You are really quite confused about many, many things.
Posted by: Rhod at April 16, 2006 04:54 PM
Suricou:
PS: I suspect you're an Englishman. I'm a recovering Anglophile myself. It took forty years, but I've given up on the Brits. Sure, you're in Iraq, too, but I'm sure you have some explanation for that.
Since you feel so free to evaluate American society, understand this. Blairistan is essentially a deconstructed version of the thing it tried to replace. New Labor is Old Labor with the snobbery, pretense and sense of entitlement of the hereditary classes intact. Alongside is the silly egalitarianism of socialism. Cockburn was right. There is almost nothing left of the things you used to be, except in a theme park form. In the end, The Webbs and their kind won the battle for your culture.
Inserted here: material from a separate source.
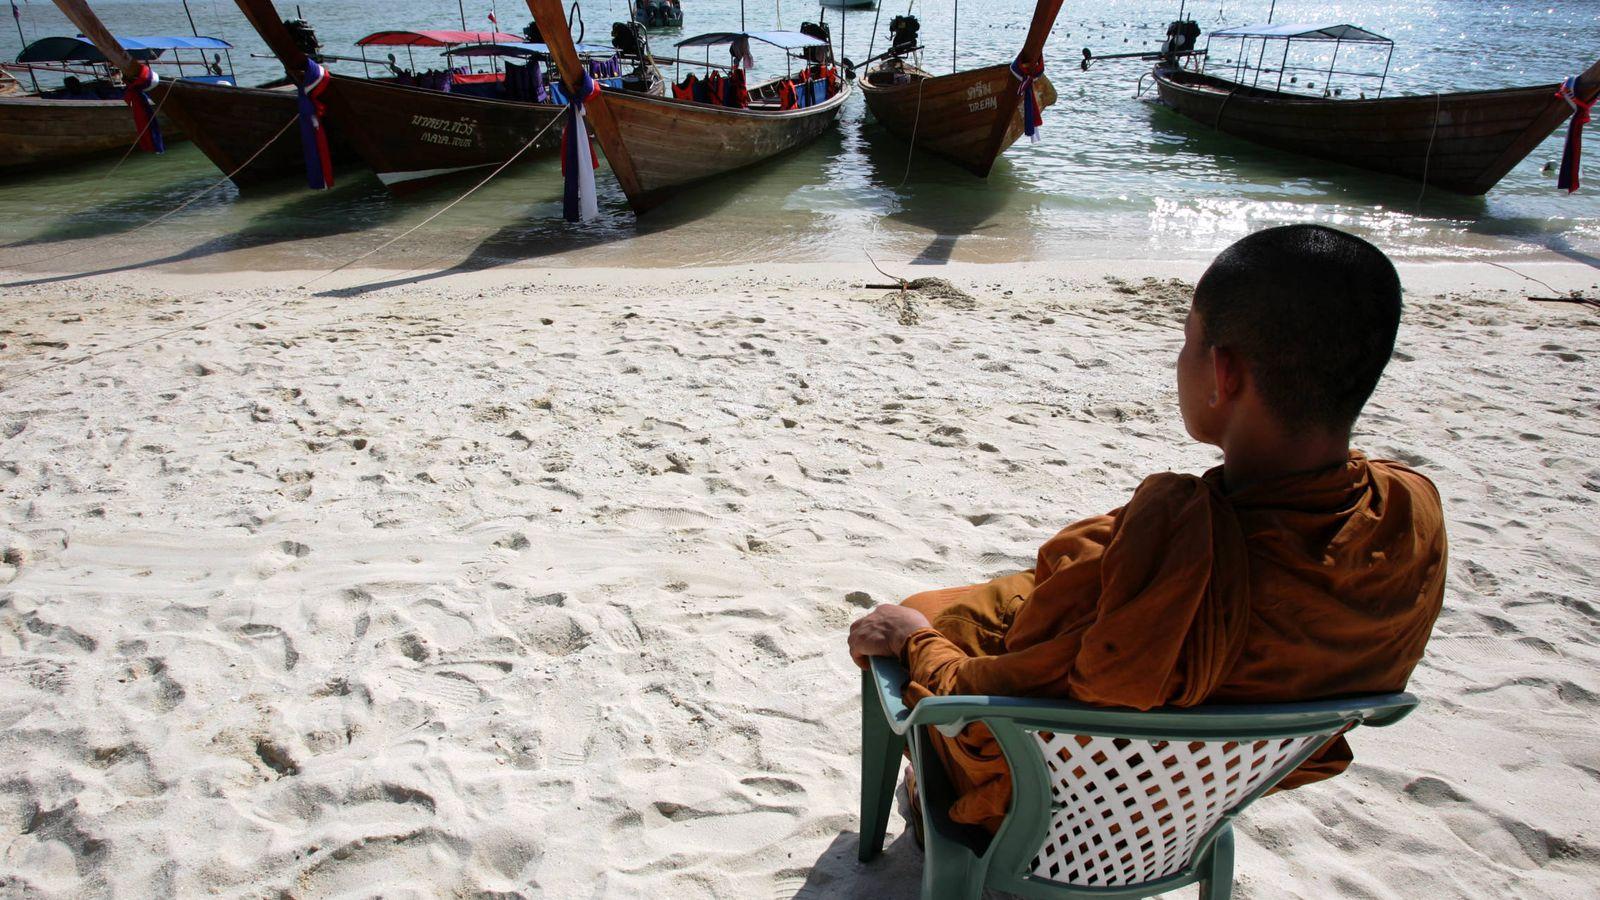 Foto: Un monje budista bendice las barcas de pesca, en el archipiélago de Phi Phi, Tailandia. (Reuters)

But what I find particularly offensive in leftist thinking, and especially in its British version,is that all of it is finally a critique of mass society. It's spreading to this country, too, and it reaches its pinacle in ideas like yours. The individual matters for nothing, except insofar as he/she is abused, exploited or used.
Whatever you've written can ultimately be reduced to a defiled relationship between the rulers and the ruled. Whether its Iran, or the US, or East Jebrewistan, it's the same old thing. It's boring, unimaginative and tired.
Posted by: Rhod at April 16, 2006 05:18 PM
I agree Bob that is a great idea!!! Thanks for the link too.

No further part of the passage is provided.